After an arbitral panel issues an award, Section 9 of the Federal Arbitration Act ("FAA") "provides that a party may apply to a district court 'for an order confirming the award, and thereupon the court must grant such an order unless the award is vacated, modified, or corrected as prescribed in [S]ections 10 and 11 of this title." STMicroelectronics, N.V. v. Credit Suisse Sec. (USA) LLC, 648 F.3d 68, 74 (2d Cir. 2011) (quoting 9 U.S.C. § 9). "[C]ourts must grant an arbitration panel's decision great deference. A party petitioning a federal court to vacate an arbitral award bears the heavy burden of showing that the award falls within a very narrow set of circumstances delineated by statute and case law." Duferco Int'l Steel Trading v. T. Klaveness Shipping A/S, 333 F.3d 383, 388 (2d Cir. 2003).

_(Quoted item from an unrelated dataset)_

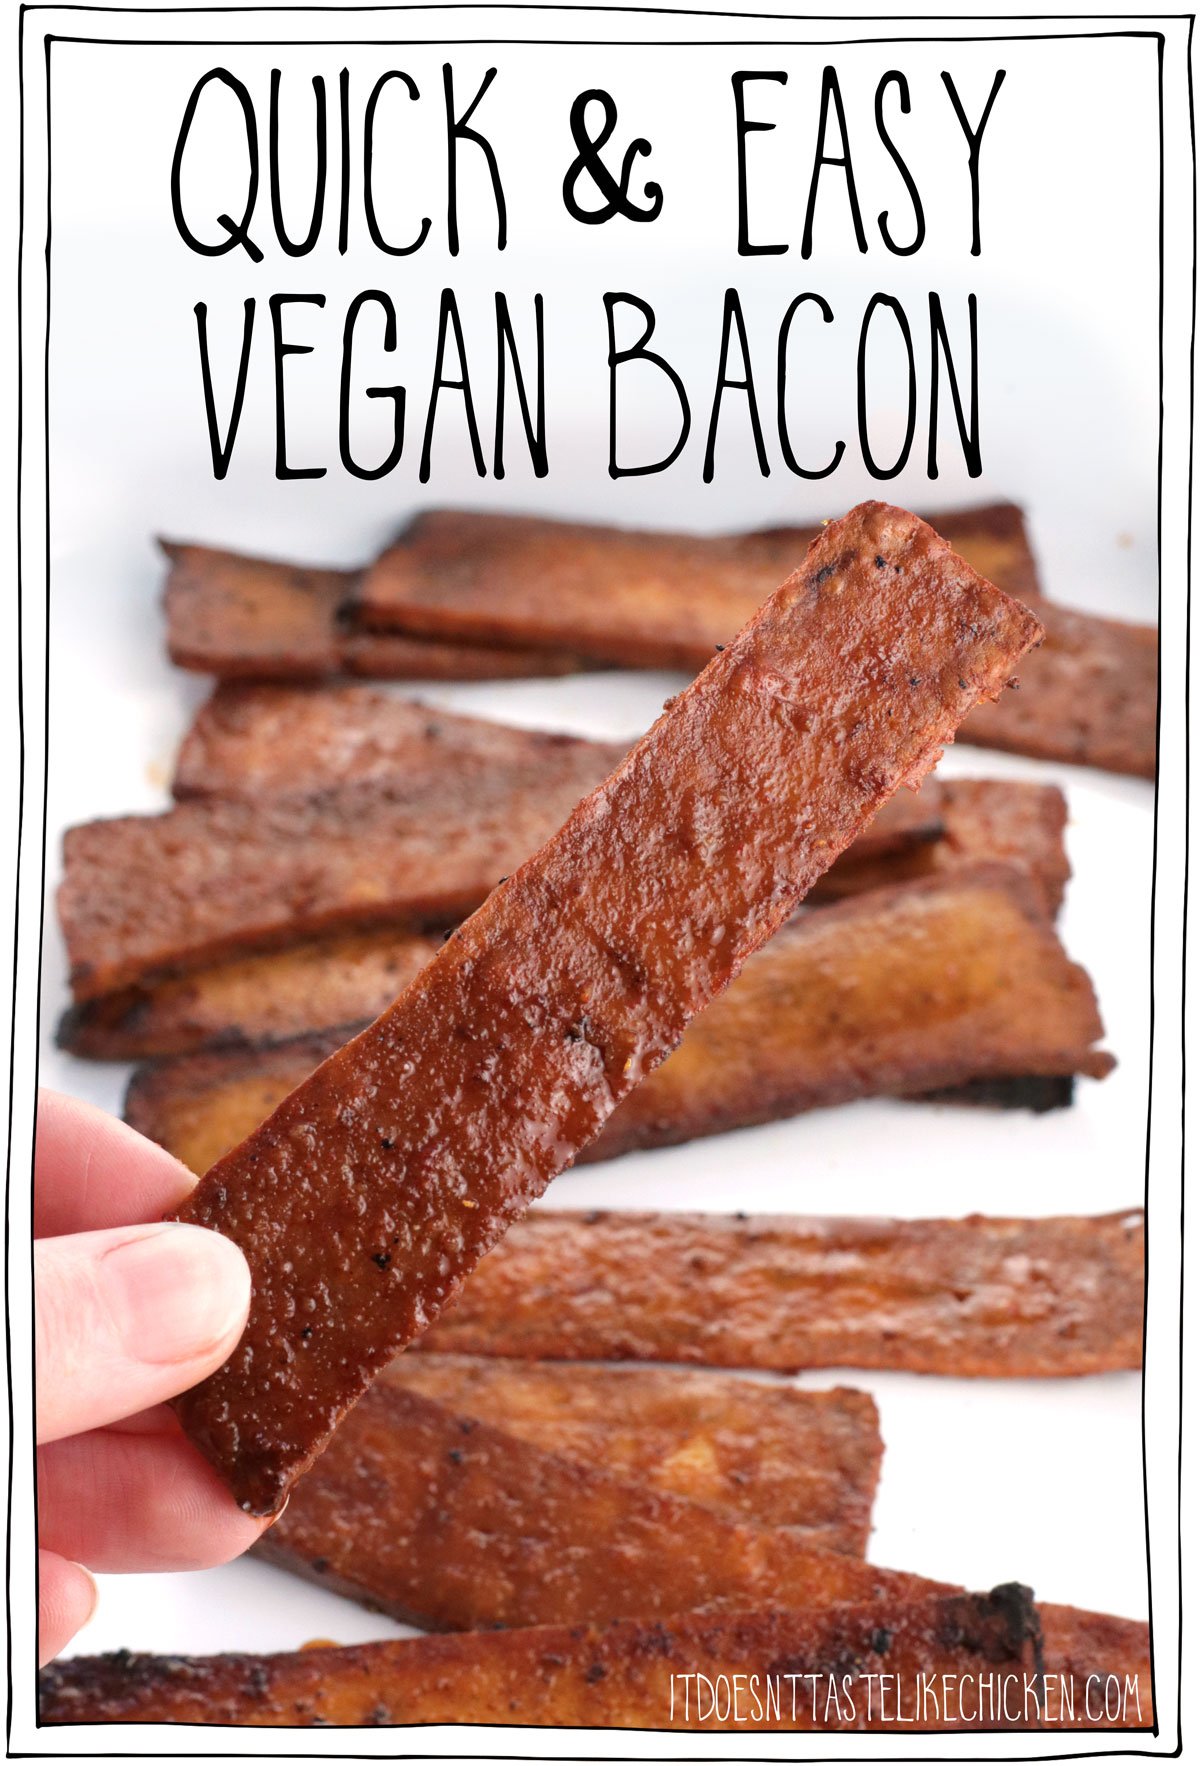 This quick and easy vegan bacon recipe is crispy, chewy, smoky delicious, and made with just 6 ingredients! Tofu strips are marinated in a salty, sweet, smoky marinade that tastes just like bacon. This tofu bacon can marinate in the fridge for up to 3 days so you can prep this ahead of time, and cook it up fresh. Cook it in your air-fryer, bake it, or pan fry it. Perfect for a stress-free morning. It’s so easy-peasy you’re gonna love it!

Under Section 10 of the FAA, courts may vacate an arbitration award on four narrow grounds:

(1) where the award was procured by corruption, fraud, or undue means;

(2) where there was evident partiality or corruption in the arbitrators, or either of them;

(3) where the arbitrators were guilty of misconduct in refusing to postpone the hearing, upon sufficient cause shown, or in refusing to hear evidence pertinent and material to the controversy; or of any other misbehavior by which the rights of any party have been prejudiced; or

(4) where the arbitrators exceeded their powers, or so imperfectly executed them that a mutual, final, and definite award upon the subject matter submitted was not made.
9 U.S.C. § 10(a).

In addition to those four statutory grounds for vacatur, the Second Circuit has ruled that a court may vacate an award if the arbitrator "exhibited a 'manifest disregard of law.'" See e.g., Westerbeke Corp. v. Daihatsu Motor Co., Ltd., 304 F.3d 200, 208 (2d Cir. 2002) (quoting Wilko v. Swan, 346 U.S. 427, 436 (1953), overruled on other grounds, Rodriguez de Quijas v. Shearson/Am. Express, Inc., 490 U.S. 477 (1989)). It is well established that the "manifest disregard" doctrine is one of "last resort" and is limited "only to those exceedingly rare instances where some egregious impropriety on the part of the arbitrators is apparent." Duferco, 333 F.3d at 389; see also Goldman Sachs Execution & Clearing, L.P. v. Official Unsecured Creditors' Comm. Of Bayou Grp., 491 Fed. App'x 201, 204 (2d Cir. 2012) (observing that "[t]he manifest disregard standard is, by design, exceedingly difficult to satisfy").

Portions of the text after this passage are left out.